I need to figure out how I can find all the index of a value in a 2d numpy array.
我需要弄清楚如何在2d numpy数组中找到值的所有索引。
For example, I have the following 2d array:
例如,我有以下2d数组:
([[1 1 0 0],
[0 0 1 1],
[0 0 0 0]])
I need to find the index of all the 1's and 0's.
我需要找到所有1和0的索引。
1: [(0, 0), (0, 1), (1, 2), (1, 3)]
0: [(0, 2), (0, 3), (1, 0), (1, 1), (the entire all row)]
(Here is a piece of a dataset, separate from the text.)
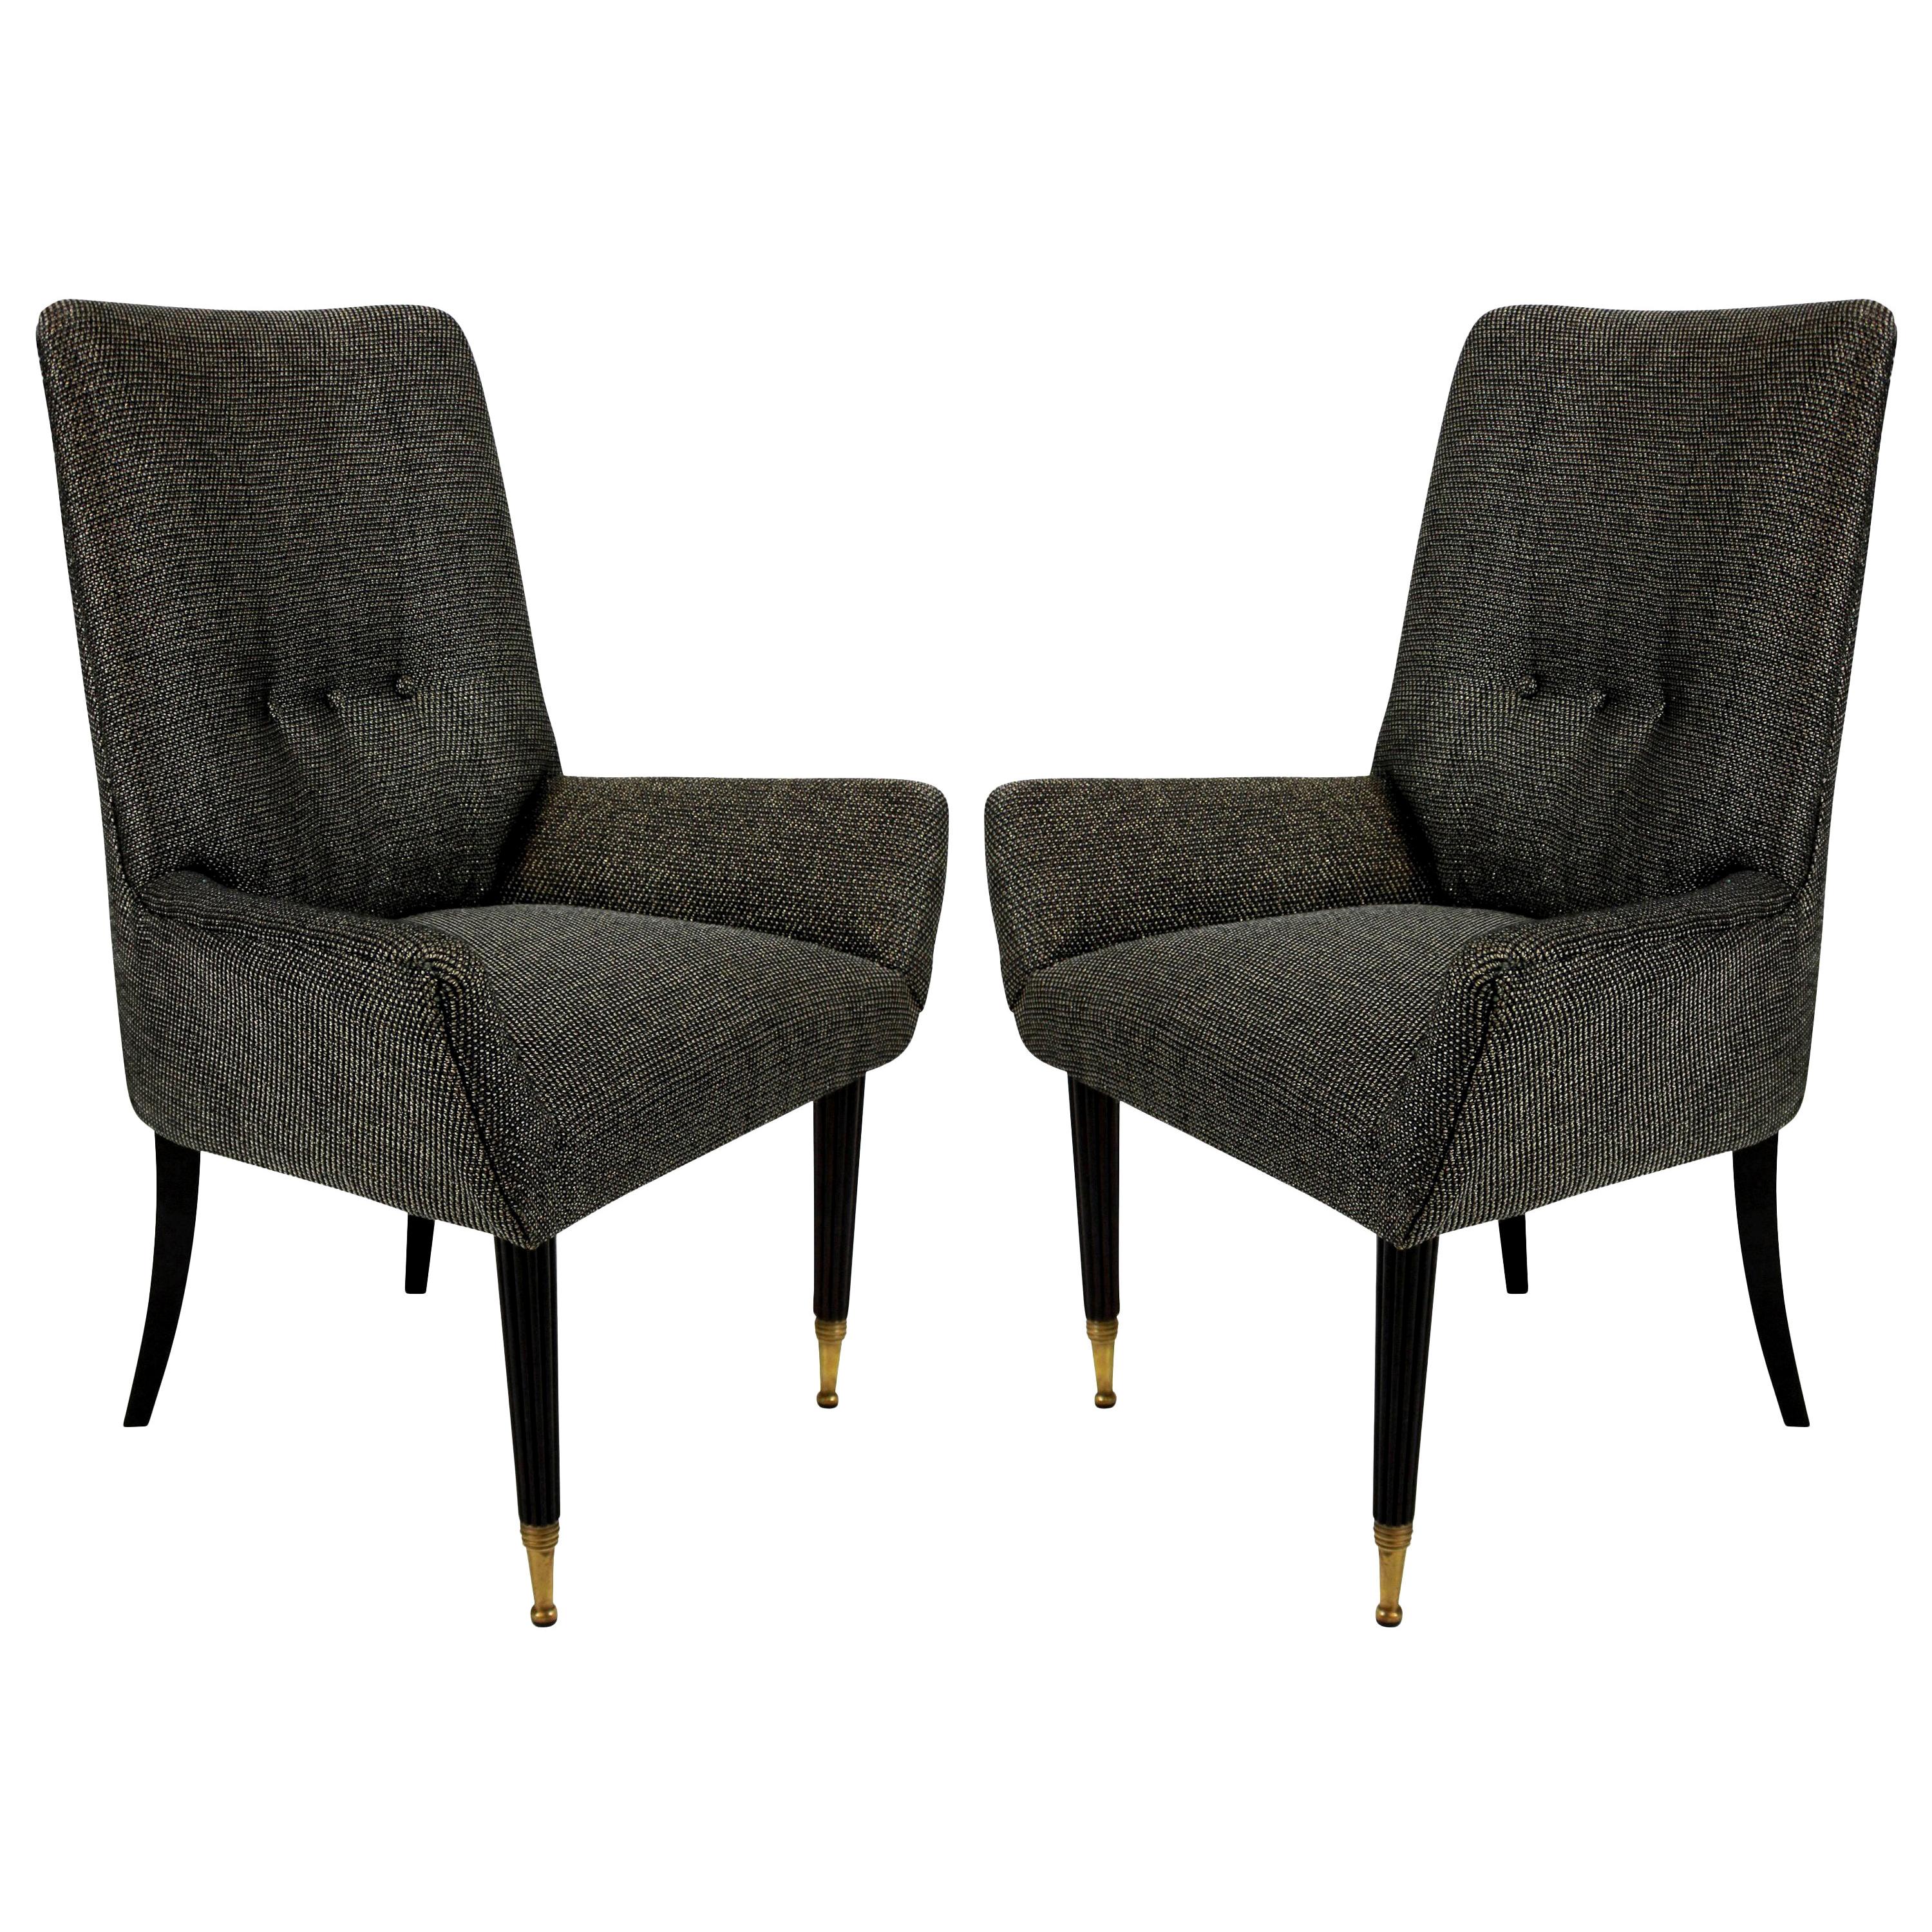 Pair of Stylish Italian Bedroom Chairs

I tried this but it doesn't give me all the indexes:
我试过这个,但它没有给我所有的索引:
t = [(index, row.index(1)) for index, row in enumerate(x) if 1 in row]
Basically, it gives me only one of the index in each row [(0, 0), (1, 2)].
基本上,它只给出了每行[(0,0),(1,2)]中的一个索引。
2 个解决方案
#1
18
You can use np.where to return a tuple of arrays of x and y indices where a given condition holds in an array.
您可以使用np.where返回一个x和y索引数组的元组,其中给定条件保存在数组中。
If a is the name of your array:
如果a是数组的名称:
>>> np.where(a == 1)
(array([0, 0, 1, 1]), array([0, 1, 2, 3]))
If you want a list of (x, y) pairs, you could zip the two arrays:
如果你想要一个(x,y)对的列表,你可以压缩两个数组:
>>> zip(*np.where(a == 1))
[(0, 0), (0, 1), (1, 2), (1, 3)]
Or, even better, @jme points out that np.asarray(x).T can be a more efficient way to generate the pairs.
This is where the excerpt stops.